8. The year is 2022, I have a wonderful support system in place, and I did not have to be hospitalized in order to survive this round of psychosis
I am very grateful, and lucky, and humbled by this.
9. The dub side of psychosis
Is feeling the interconnectedness of all people and all things, wherever you go. It has been a magical few weeks, filled with indescribable experiences and moments of beautiful connection between myself and nature, art, and other human beings. After the first bad few days of acute psychosis when I couldn’t leave our apartment, my new medication regimen kicked in, and I was walking around empowered and creative and smiling at everyone, even on rainy days. I felt the kind of wild love and invincibility that I always seek to embrace in the spring. (My hospitalization in 2014 took place in April.)
I have been discussing this aspect of my mental illness, the precious and psychedelic part, with my therapist and other mentor figures in my life. One of my mentors gave me the most beautiful metaphor to make sense of my mental illness, while also letting me know that it is likely I will experience PTSD-triggered psychosis again in my life. (Three out of ten people who experience a first episode of psychosis will experience a second episode within a year; eight out of ten people will relapse within five years.) My therapist told me that the Buddhist/mindfulness way of thinking (mindfulness has been an important component of my therapy) teaches us to notice and appreciate the interconnectedness of all life on our planet, and that it only begins to shift into psychosis when the ego gets involved, when that noticing shifts into the paranoia of ‘wait, is all this interconnectedness I’m noticing about me somehow?’
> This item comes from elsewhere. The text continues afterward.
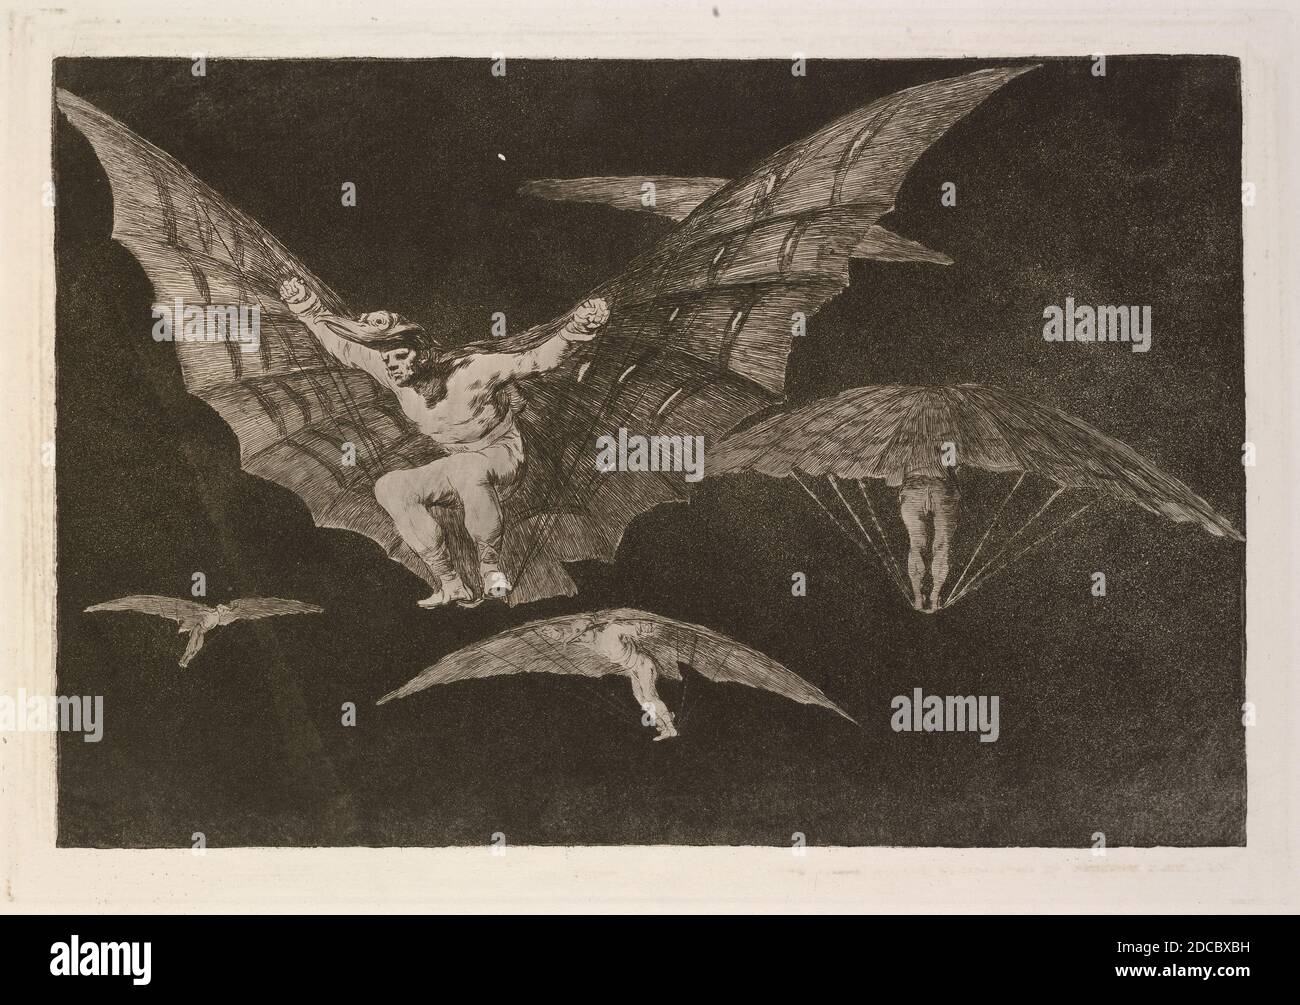 Francisco de Goya, (artist), Spanish, 1746 - 1828, Modo de volar (A Way of Flying), Proverbios: pl.13, (series), published 1864, etching, aquatint, and drypoint Stock Photo

My moods have been evening out in the past two weeks. Life is starting to feel less magical, less intense, and even though a part of me will always yearn to feel that magic all the time, it’s better for my overall mental health to come down from it. But I am learning how to access that magical feeling when I need it, and I am also learning how to access it without taking any substances or messing up my medication schedule. For me, this is a victory.
10. German words
In the earliest phase of this latest round of psychosis, that week when I was always close to tears and could only focus on certain media (and playing puzzles and sometimes video games) because anything else triggered my anxiety to defcon levels, I was cuddled on the couch with my wife watching a sitcom. A thought occurred to me, and I perked up. When she asked me what I was smiling about, I said,
“I just realized, that if the world is crazy and not just me, that means that all the people I dislike are getting to experience a tiny slice of the hell I’ve gone through. All my enemies get a taste!” She laughed, a bit nervously I thought, and I immediately got worried. “Does that make me a bad person?”
“No,” she said, stroking my hair and pulling me closer. “It makes you human.”